▶ **Required action**
Only the lines from the one that contains "Johann Sebastian Bach" to the last line below, both included, should be transcribed. Pictures stay out of the copy.

▶ **Data provided**

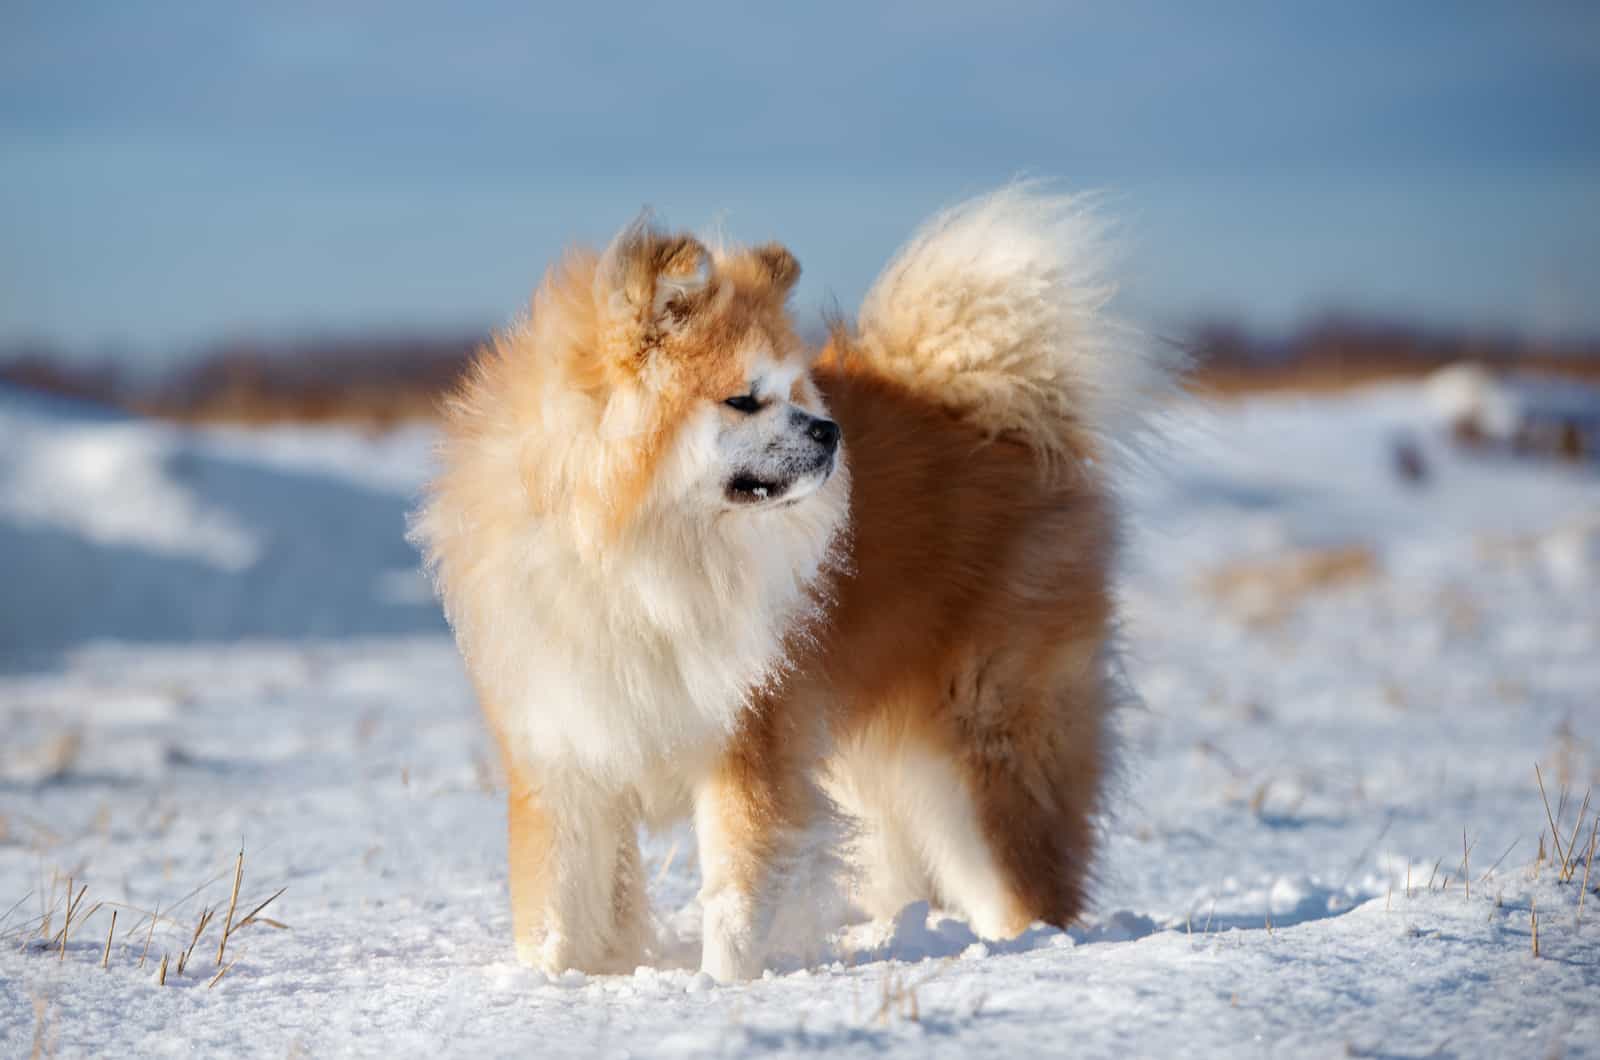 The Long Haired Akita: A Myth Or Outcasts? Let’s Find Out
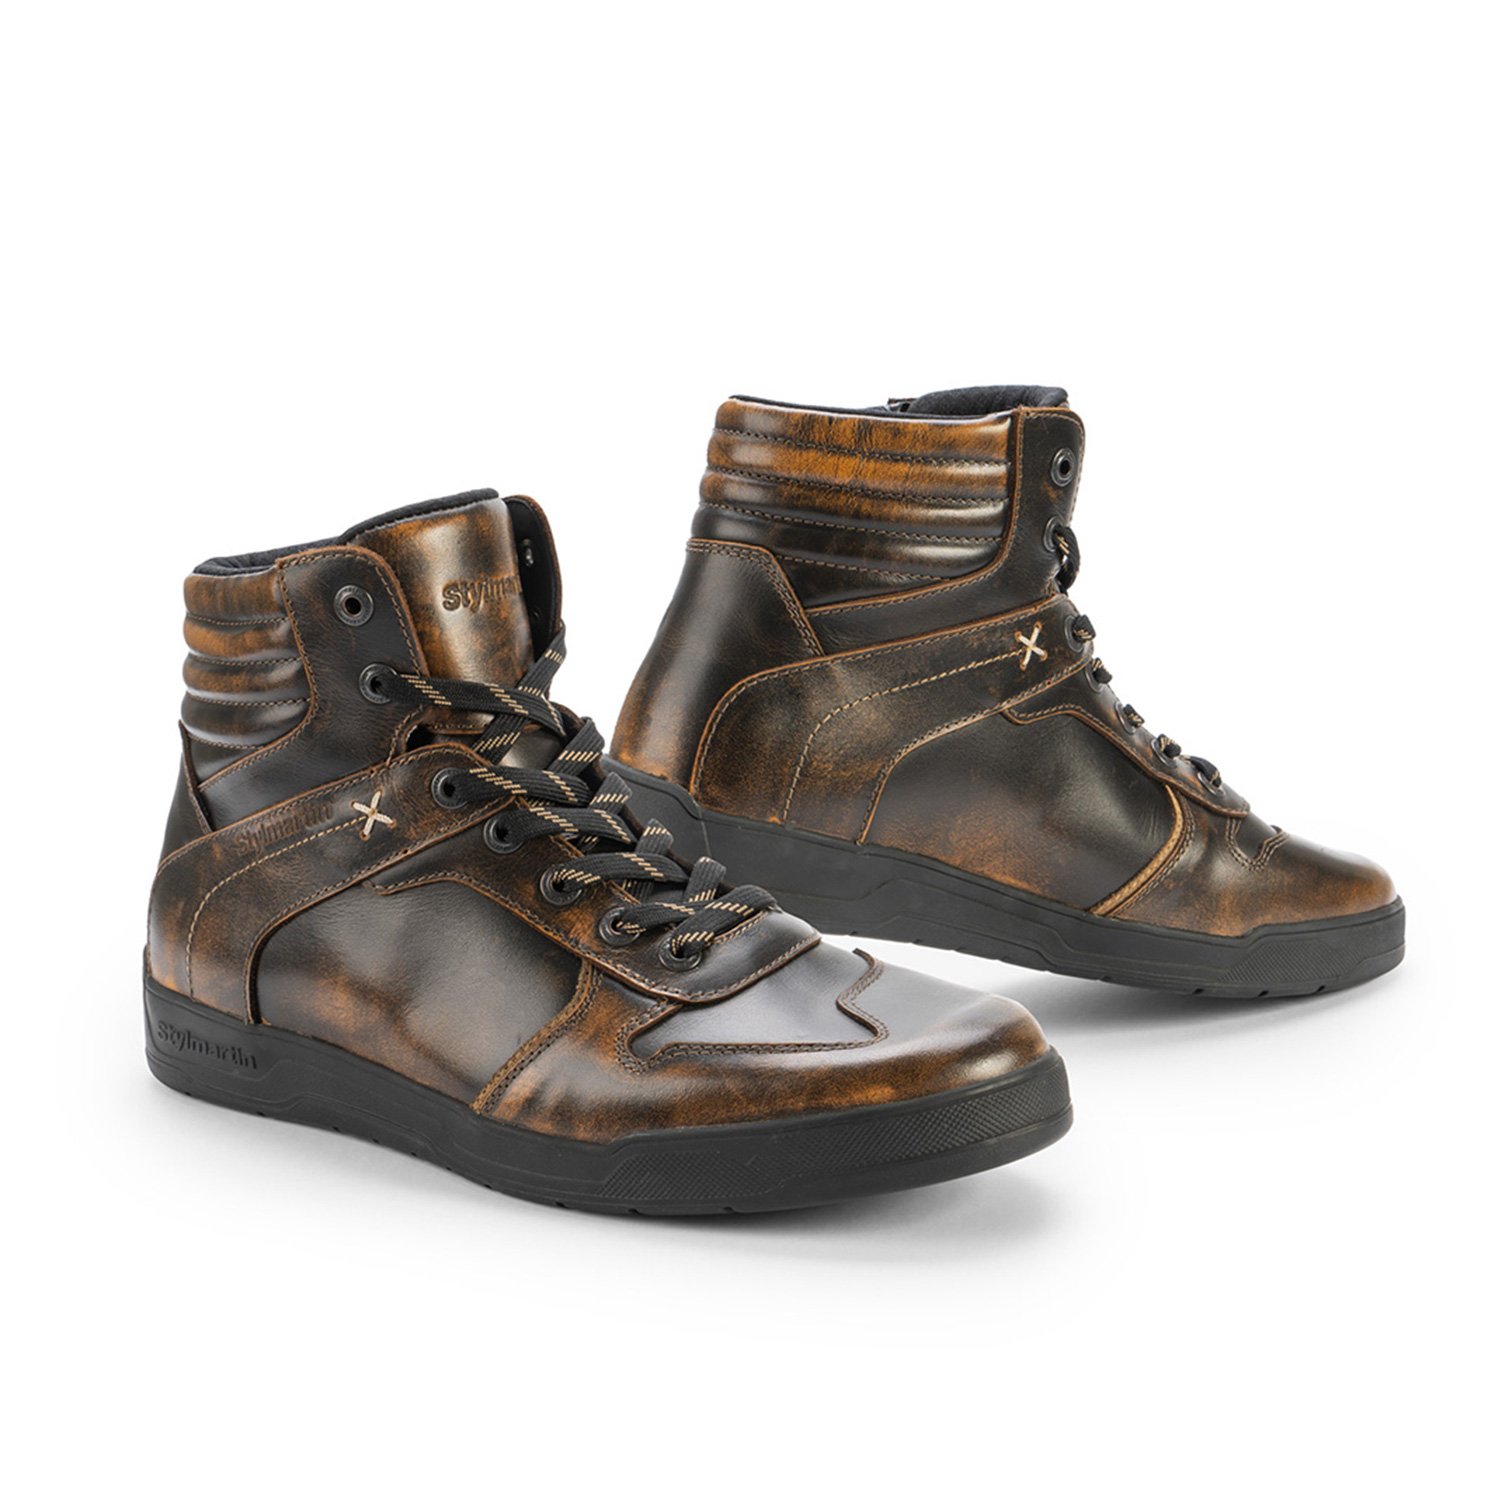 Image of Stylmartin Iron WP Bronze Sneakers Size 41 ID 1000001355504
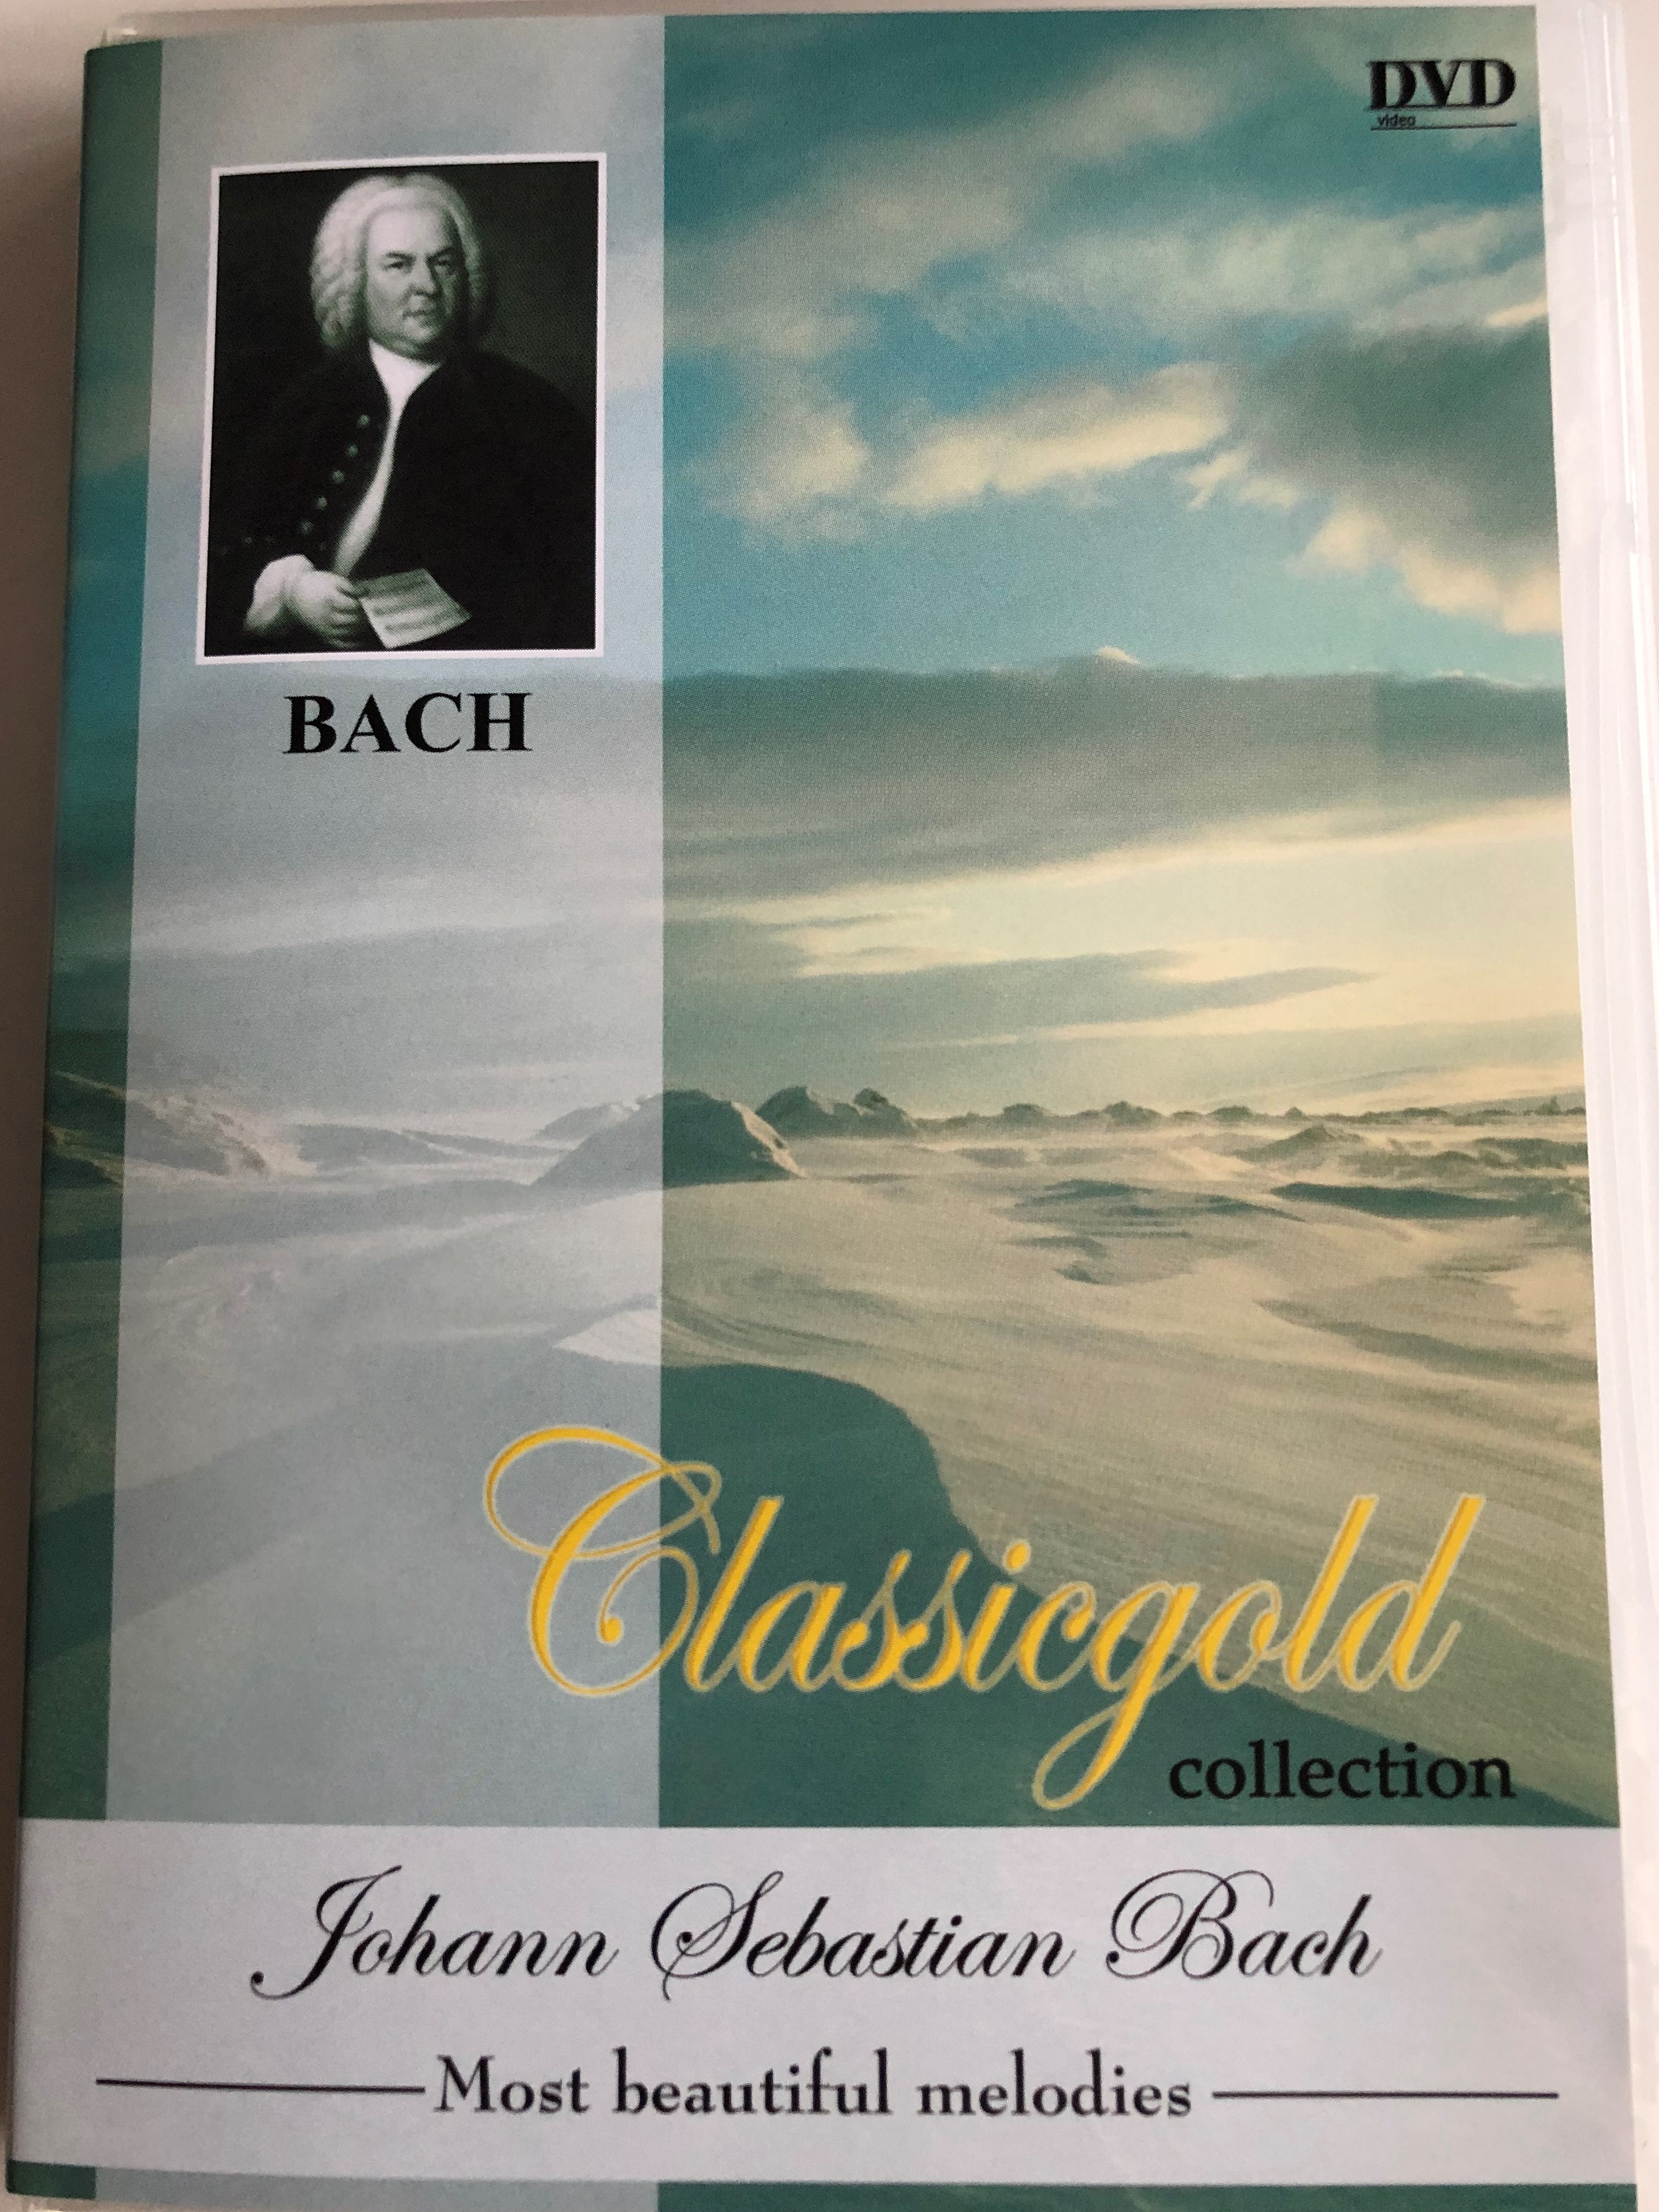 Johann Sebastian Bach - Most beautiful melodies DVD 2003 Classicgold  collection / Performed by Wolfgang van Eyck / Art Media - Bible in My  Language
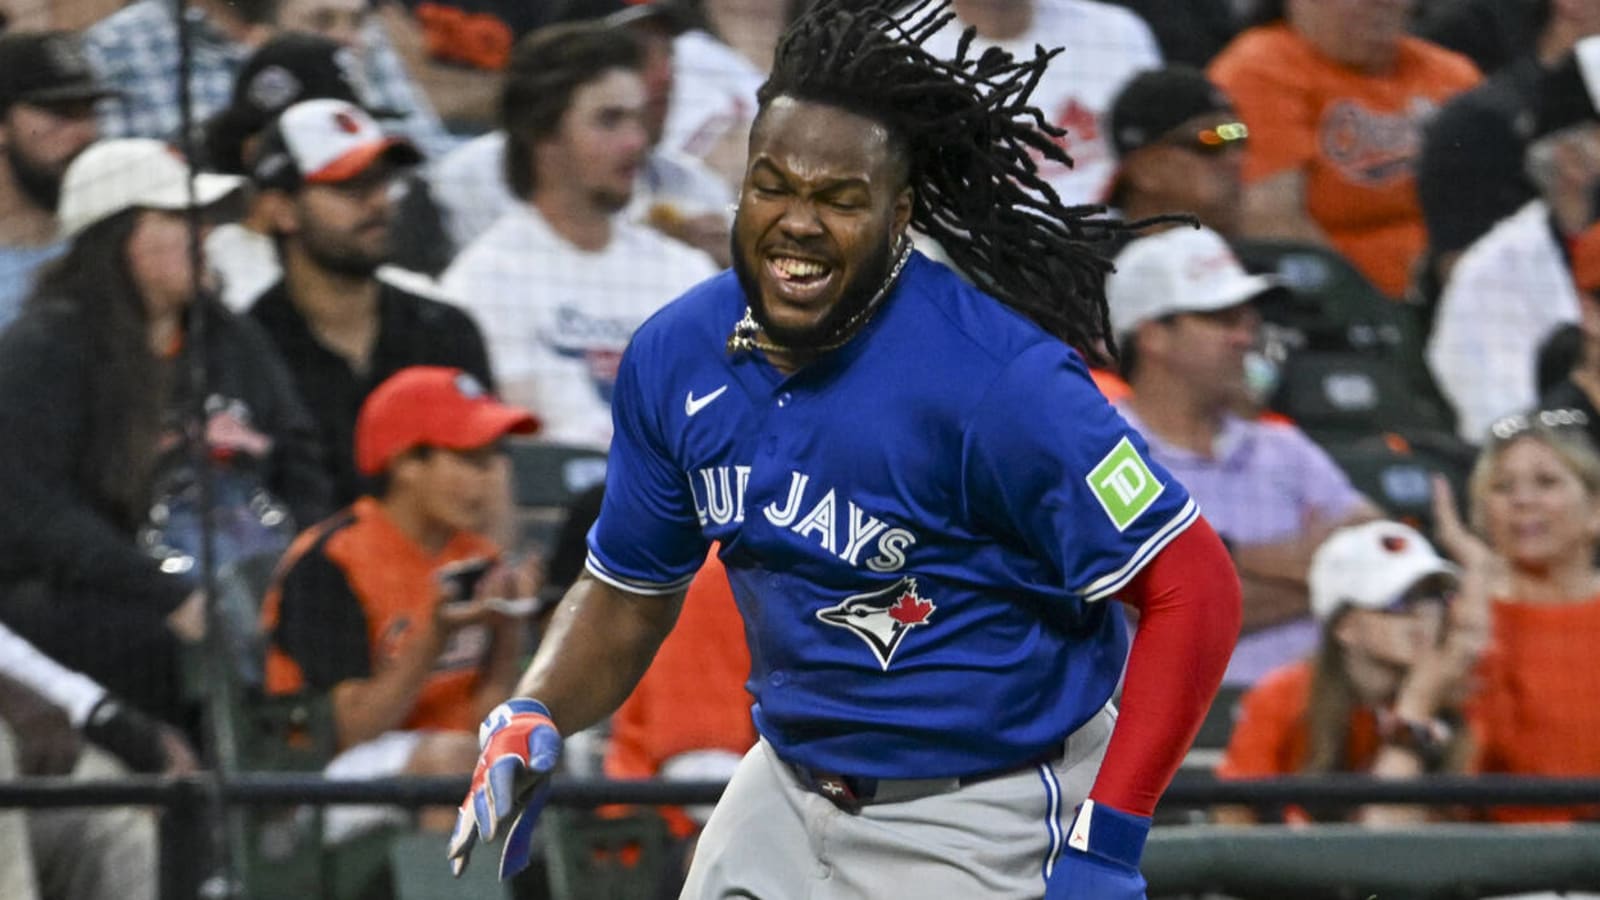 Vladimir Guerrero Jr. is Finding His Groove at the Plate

▶ **Answer space**
 Johann Sebastian Bach - Most beautiful melodies DVD 2003 Classicgold  collection / Performed by Wolfgang van Eyck / Art Media - Bible in My  Language
 Vladimir Guerrero Jr. is Finding His Groove at the Plate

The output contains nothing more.